• _Assignment_:
Every line of the material below is to be printed again exactly.

• _Data section_:

════════════════

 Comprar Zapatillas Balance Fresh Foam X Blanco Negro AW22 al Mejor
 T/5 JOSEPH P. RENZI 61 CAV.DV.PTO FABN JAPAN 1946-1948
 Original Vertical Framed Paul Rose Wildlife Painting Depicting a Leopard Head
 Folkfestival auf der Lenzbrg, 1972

════════════════

• _Exercise solution_:
 Comprar Zapatillas Balance Fresh Foam X Blanco Negro AW22 al Mejor
 T/5 JOSEPH P. RENZI 61 CAV.DV.PTO FABN JAPAN 1946-1948
 Original Vertical Framed Paul Rose Wildlife Painting Depicting a Leopard Head
 Folkfestival auf der Lenzbrg, 1972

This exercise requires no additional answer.